Finance Ministry ‘blocks’ information on direct orders

Finance Ministry ‘blocks’ information on direct orders

Says information can be withheld under provisions of the law.

Left to right: Pierre Cachia celebrating victory with Labour media personalities Alfred Zammit and Clint Bajada.

Left to right: Pierre Cachia celebrating victory with Labour media personalities Alfred Zammit and Clint Bajada.

The Finance Ministry is refusing to give information on the direct orders made in the second semester of 2017 despite a Freedom of Information Act request from the Times of Malta.

The newspaper asked the ministry why the direct orders were necessary, particularly since some of them involved the hiring of services from people very close to the party in government.

Read: Over 400 Freedom of Information requests in 3 years

However, the ministry twice rejected the newspaper’s request in terms of the Freedom of Information Act, insisting that the information sought could be withheld under the provisions of that law. Only in the case of one of the seven requests did the ministry point out which section of the law it was referring to.

This request related to a €27,000 direct contract with ex-One TV employee Pierre Cachia for “media services”. It said “the contract contains personal data”.

Information about the direct orders allocated to Mr Cachia were published in The Malta Government Gazette.

Cachia’s €27,000 contract ‘contains personal data’

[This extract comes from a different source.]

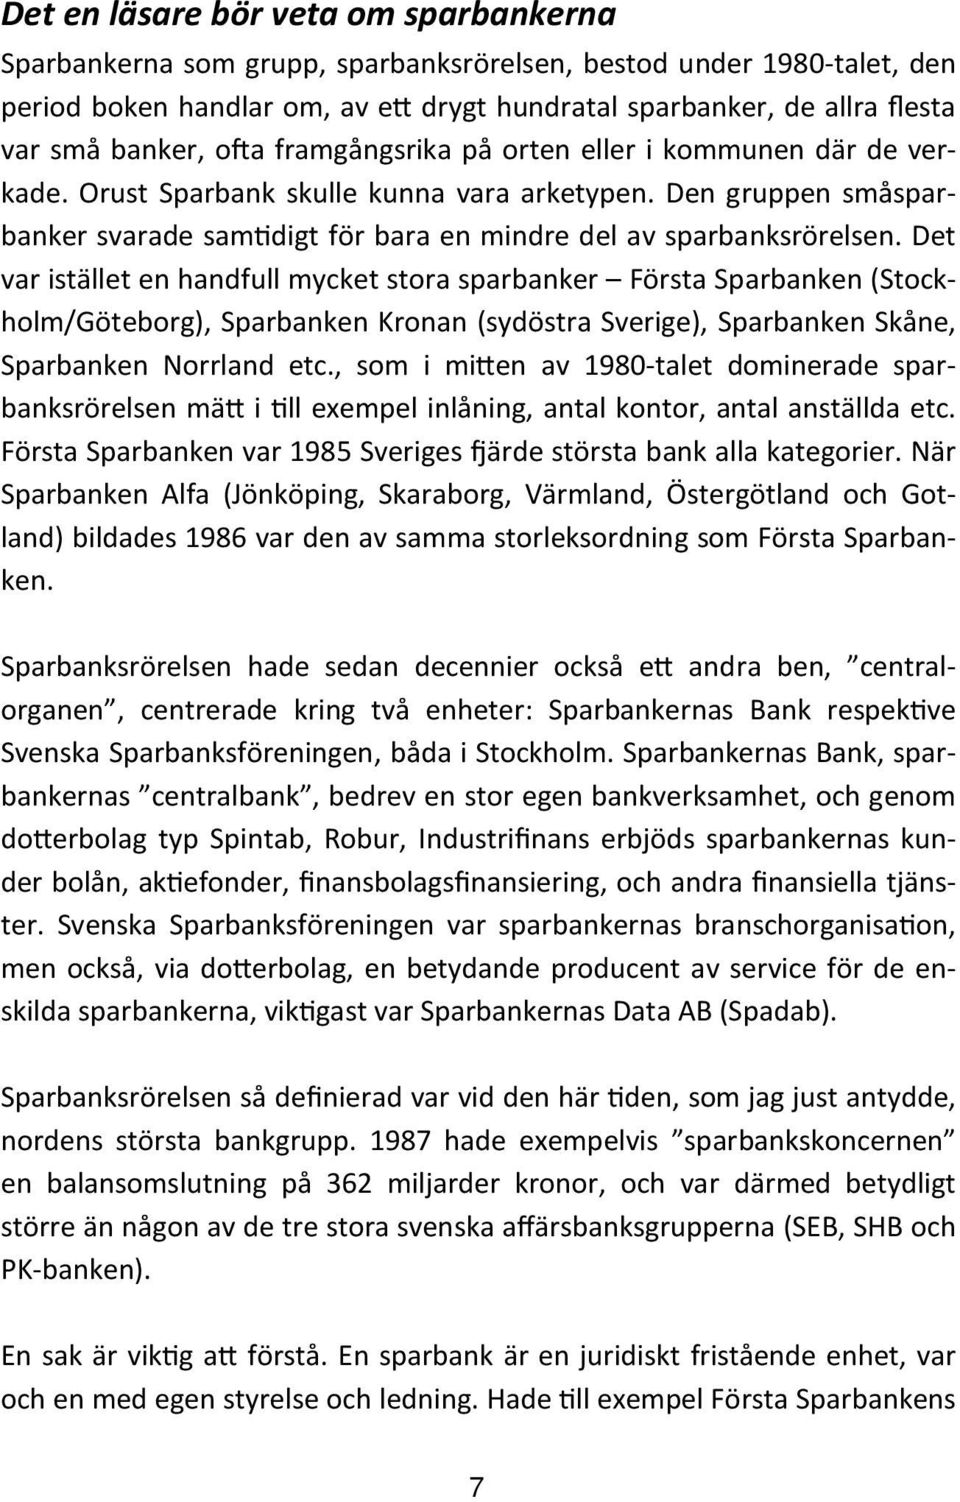 Det var istället en handfull mycket stora sparbanker Första Sparbanken (Stockholm/Göteborg), Sparbanken Kronan (sydöstra Sverige), Sparbanken Skåne, Sparbanken Norrland etc.
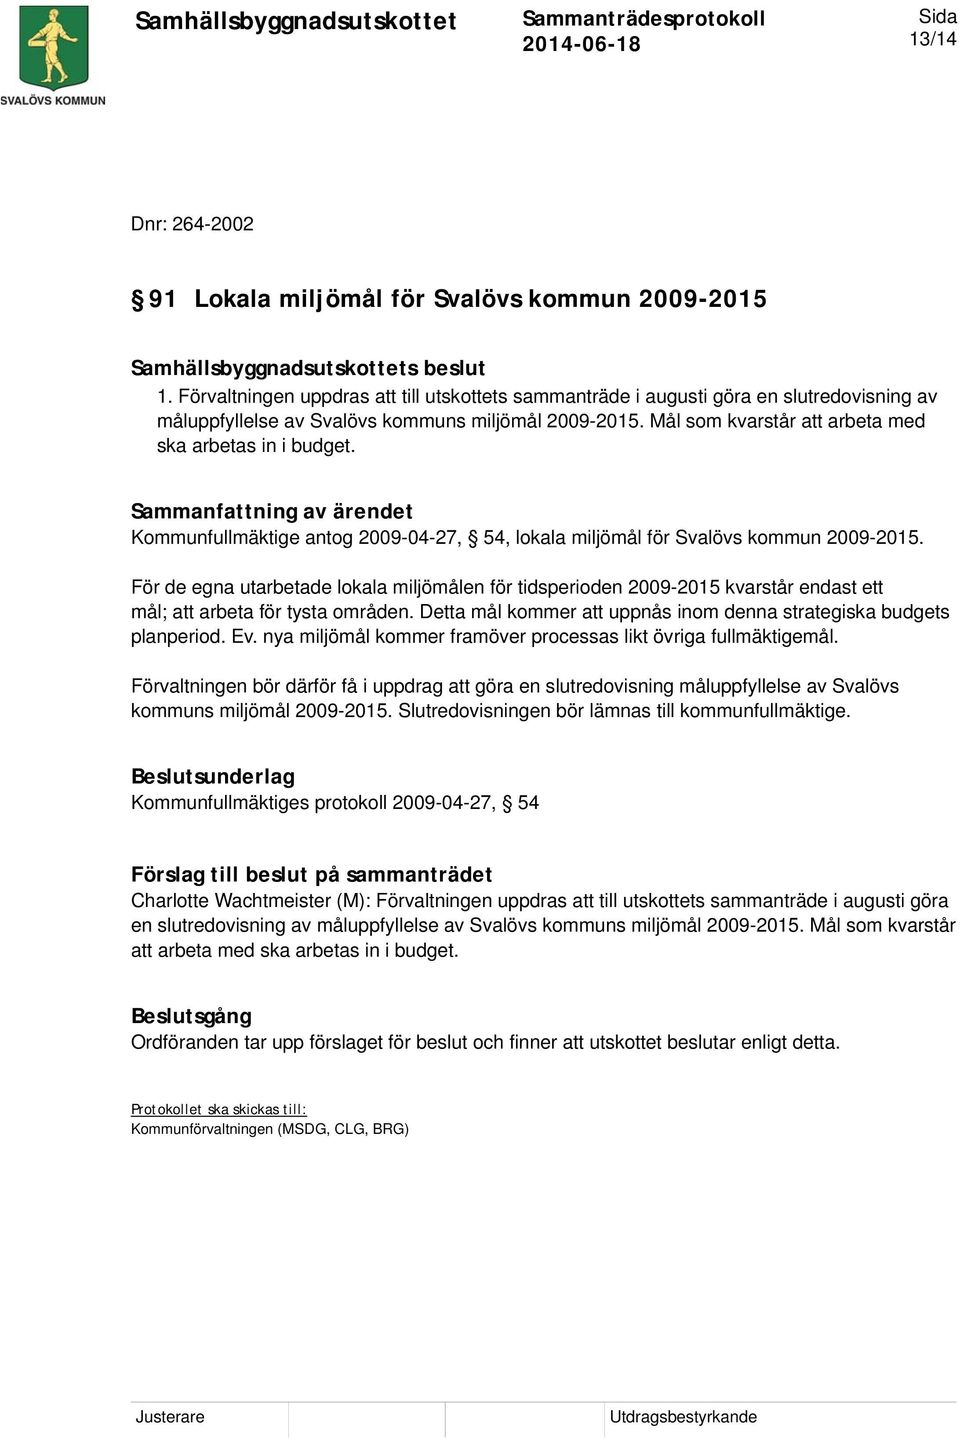 Mål som kvarstår att arbeta med ska arbetas in i budget. Kommunfullmäktige antog 2009-04-27, 54, lokala miljömål för Svalövs kommun 2009-2015.

Mr Cachia, who has also landed a number of direct orders with other ministries, including the Office of the Prime Minister, was responsible for “media services” between April and June 2017, during the electoral campaign.

That direct order was approved by the Finance Ministry in August 2017, when the term of the contract had already elapsed.

On the same day, Mr Cachia was awarded a fresh “media services” contract for a year.

The Finance Ministry has two full-time employees on its payroll who handle media, communications and marketing affairs. It would not say why the additional “media services” were required.

Nor would it say why other direct orders had been issued, including for the employment of three receptionists, recruited without a public call, and a €16,320 direct order to lawyer Pawlu Lia for legal work in connection with judicial and extra-judicial matters at Malta Shipyards.

Read: Government says 'no' to most Times of Malta requests for information

Dr Lia usually represents the Labour Party in litigation.

The ministry was also asked why its direct orders section, which handles all the direct order requests from ministries and government agencies, was managed by a person who was himself engaged through a direct order.

According to Finance Ministry guidelines, direct orders are only to be used exceptionally, where the work or services required are unplanned or limited to time constraints in their execution.